14 Responses to “SHUT UP NEOCONS”

  1. //What a disaster these liberal colonial wars were. //

    An earlier disaster was the 1979 invasion by the liberal Soviets, which has since then been strongly praised and endorsed by the liberal Donald Trump.

    AFAIK, the only member of the US Congress that opposed the subsequent US invasion was the wonderful Barbara Lee. Yes, female, black, Democrat and very liberal. She warned against embarking “on an open-ended war with neither an exit strategy nor a focused target.”

    All the rest fell into line. The US invasion had support right across teh board in the US, but probably most strongly among conservatives. The American’s right to respond to 9-11 was also recognised by most free countries around the world, including by several European countries that later opposed the Iraq farce.

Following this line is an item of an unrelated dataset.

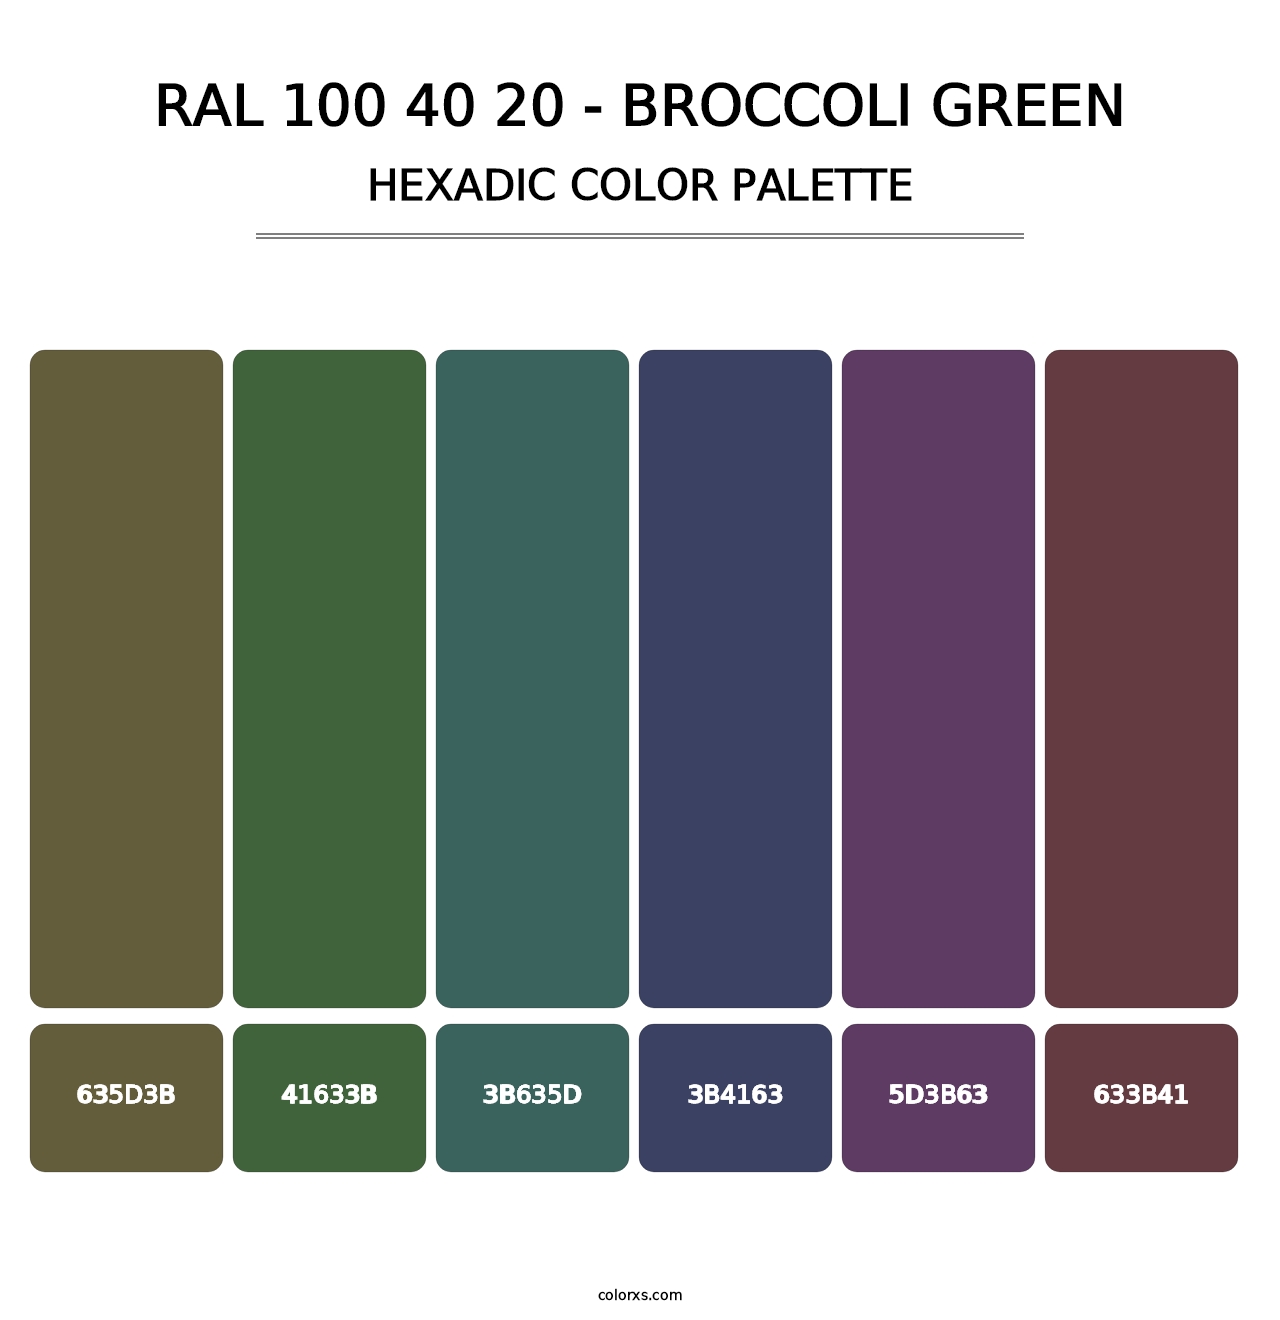 RAL 100 40 20 - Broccoli Green - Hexadic Color Palette

  2. Yes – The US invasion and occupation of Afghanistan post 9/11 was almost entirely unopposed across the political spectrum and was of course led by a Republican Conservative administration and wholeheartedly supported by the Right. It is disingenuous for Pete to label it a liberal adventure.

  3. aye colm,
    they’re all the same these petem type fanatics
    year zero revisionism straight out of Orwells 1984

    they’re the worse cancel culture people you can imagine !
    cancel history, cancel the truth of what happened to fit
    the fanatic narrative

    the past is all deception and the future future-less Noel ?

  4. Very good, Kurt.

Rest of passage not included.